Paper 1 has higher potential impact due to its novelty in formalizing “knowledge infrastructure” that makes process-based Earth-system simulators agent-actionable, plus strong evidence of scalability (3,000-trial benchmark and 117 models across 14 domains). Its real-world relevance to climate-risk decision support and lowering barriers for non-experts is immediate, and the approach could generalize to other scientific simulation communities beyond Earth science. Paper 2 is timely and valuable for VLM safety, but its impact is more incremental within ML evaluation/safety and narrower in cross-disciplinary scientific infrastructure implications.

vs. GraphMind: From Operational Traces to Self-Evolving Workflow Automation

gemini-3.15/19/2026

Paper 2 addresses a critical global challenge (climate risk and resource scarcity) by democratizing complex Earth science simulations. Its Knowledge Infrastructure spans 14 scientific domains, offering broader cross-disciplinary impact and significant societal benefits compared to Paper 1's focus on enterprise IT workflow automation.

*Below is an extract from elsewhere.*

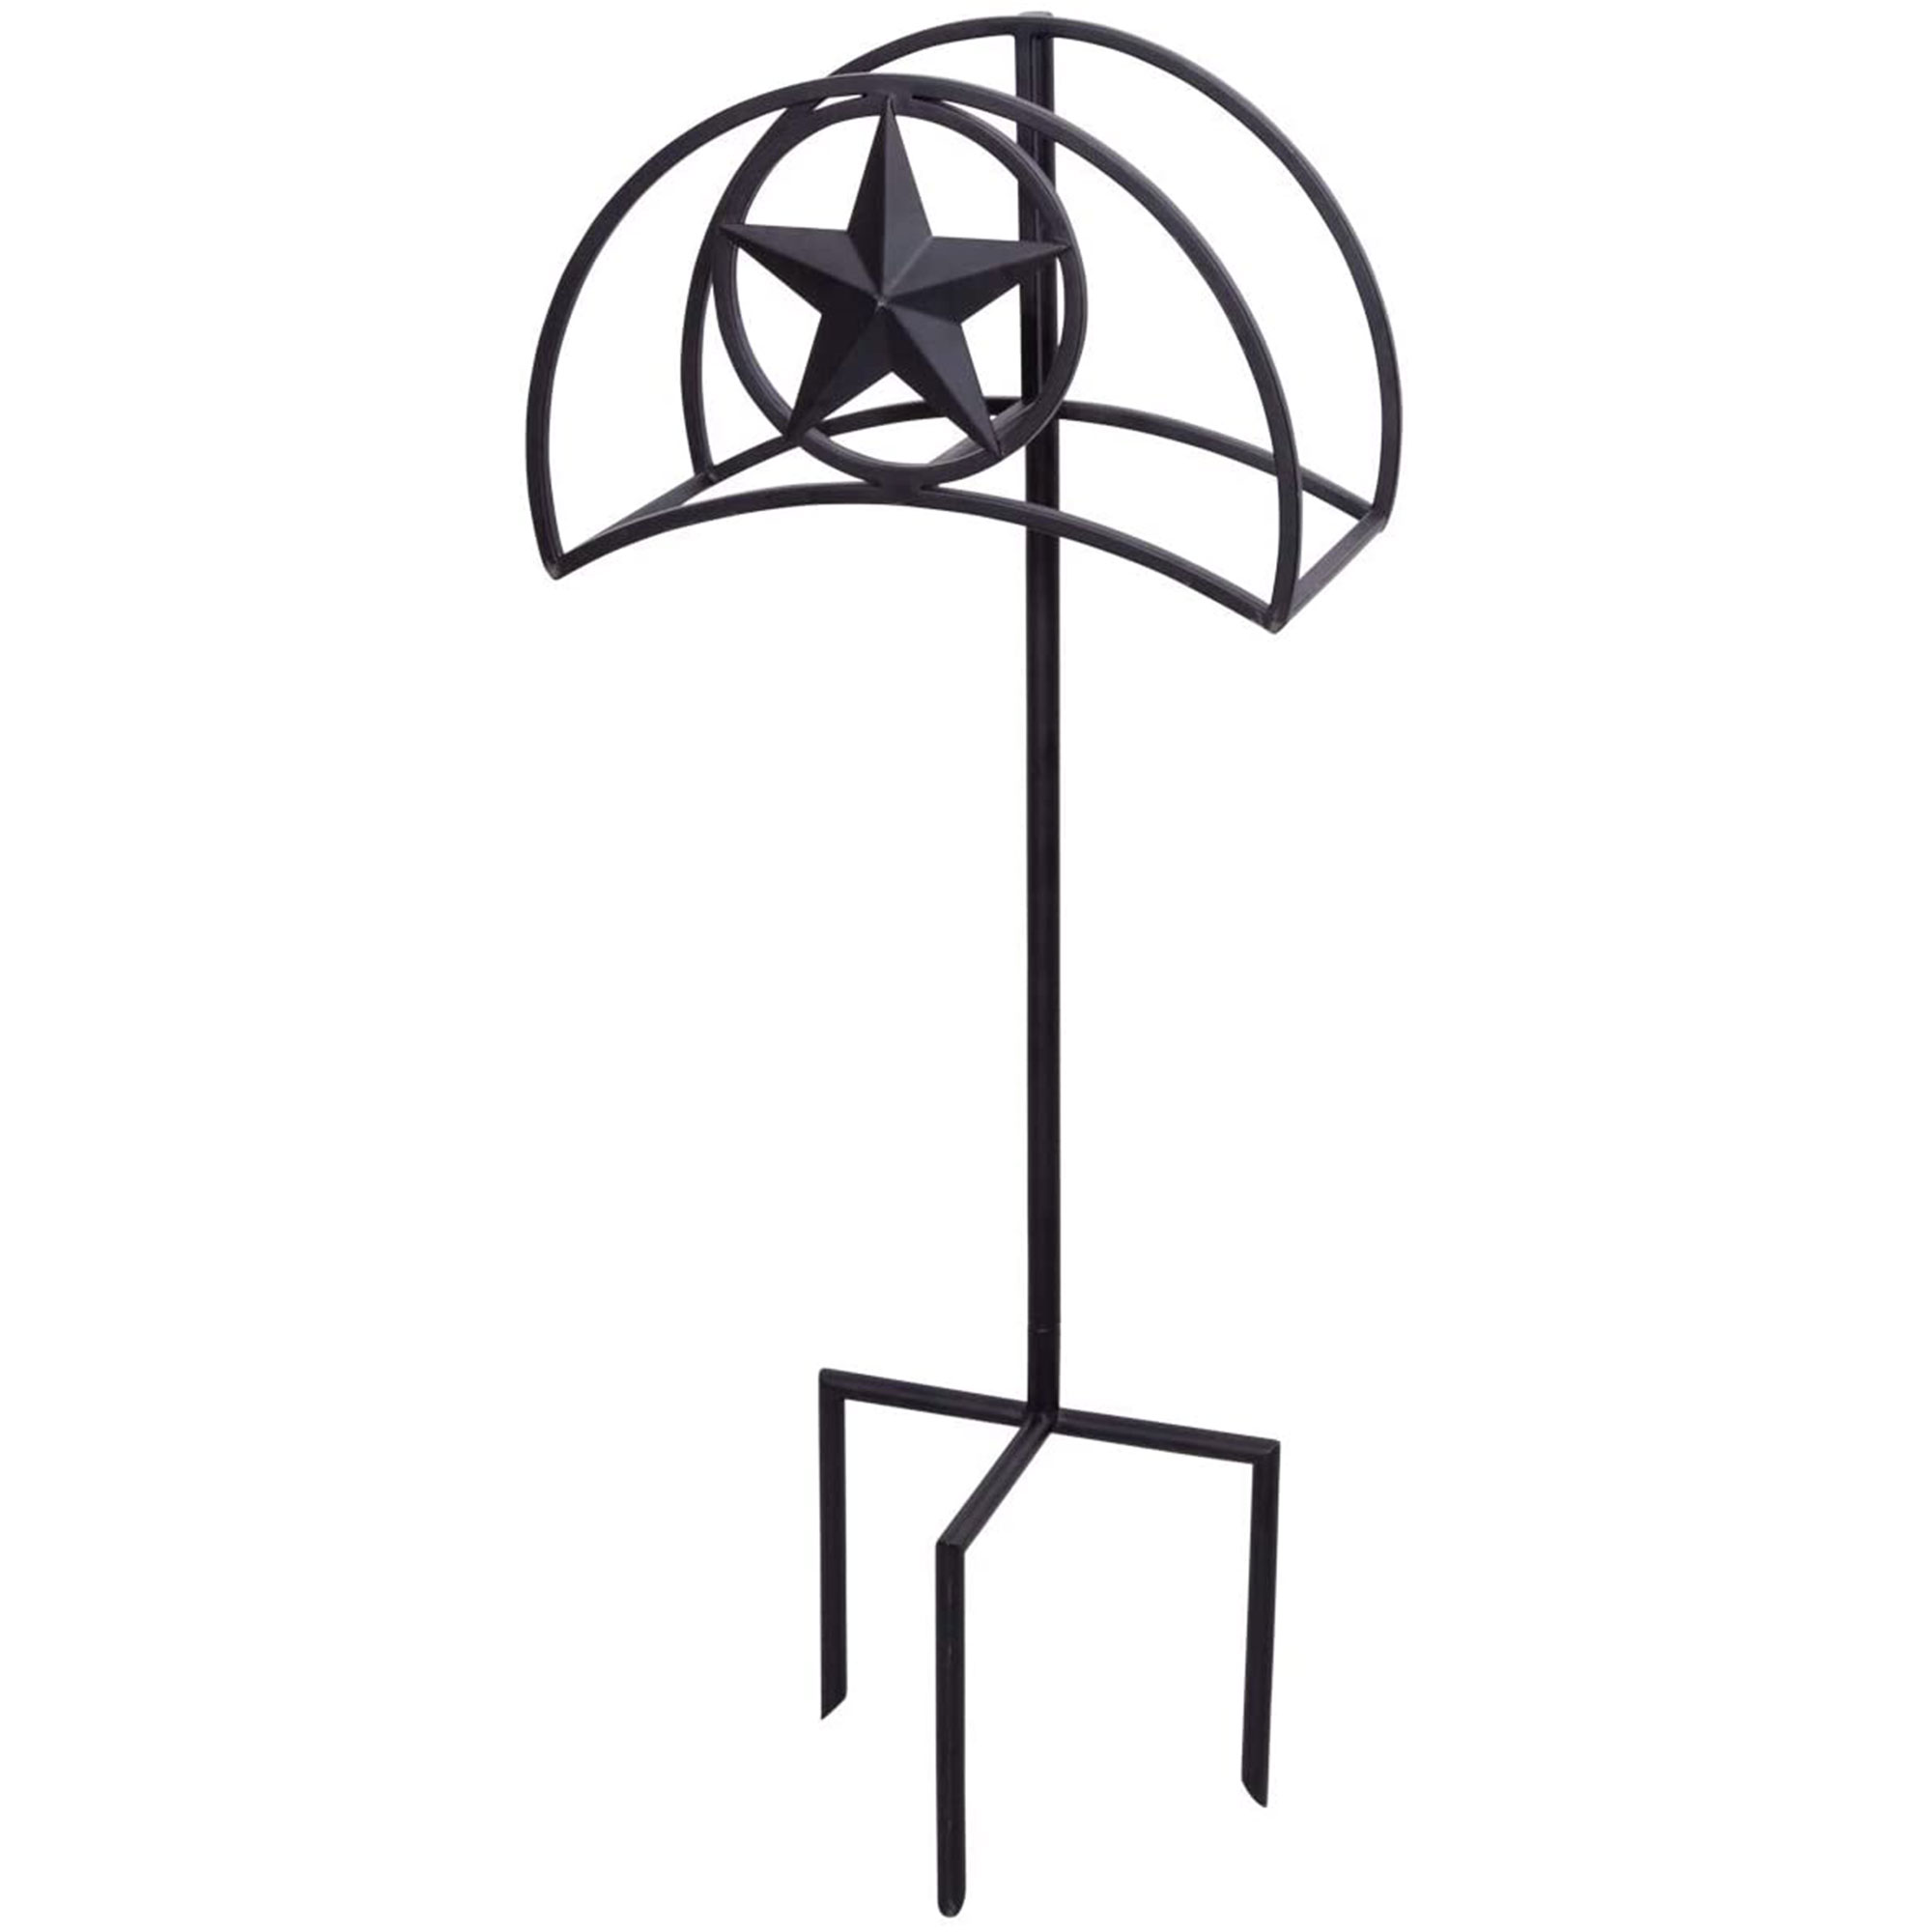 Liberty Garden Outdoor Garden Hose Stand Holder Hanger Star Design, Black - image 1 of 6

vs. Marrying Generative Model of Healthcare Events with Digital Twin of Social Determinants of Health for Disease Reasoning

claude-opus-4.65/19/2026

Paper 2 (KISS) has broader scientific impact potential. It addresses a fundamental infrastructure problem across 14 Earth-science domains with 119 knowledge infrastructures, democratizing access to process-based simulation models. The framework is generalizable, practically validated across 3,000 trials, and directly addresses climate equity by enabling non-specialist communities to use complex models. Paper 1, while technically sophisticated in combining generative models with SDoH for disease reasoning, is more narrowly focused on a specific biomedical application using UK Biobank data. Paper 2's cross-disciplinary scaffolding approach and its potential as a 'living scientific commons' suggest wider transformative impact.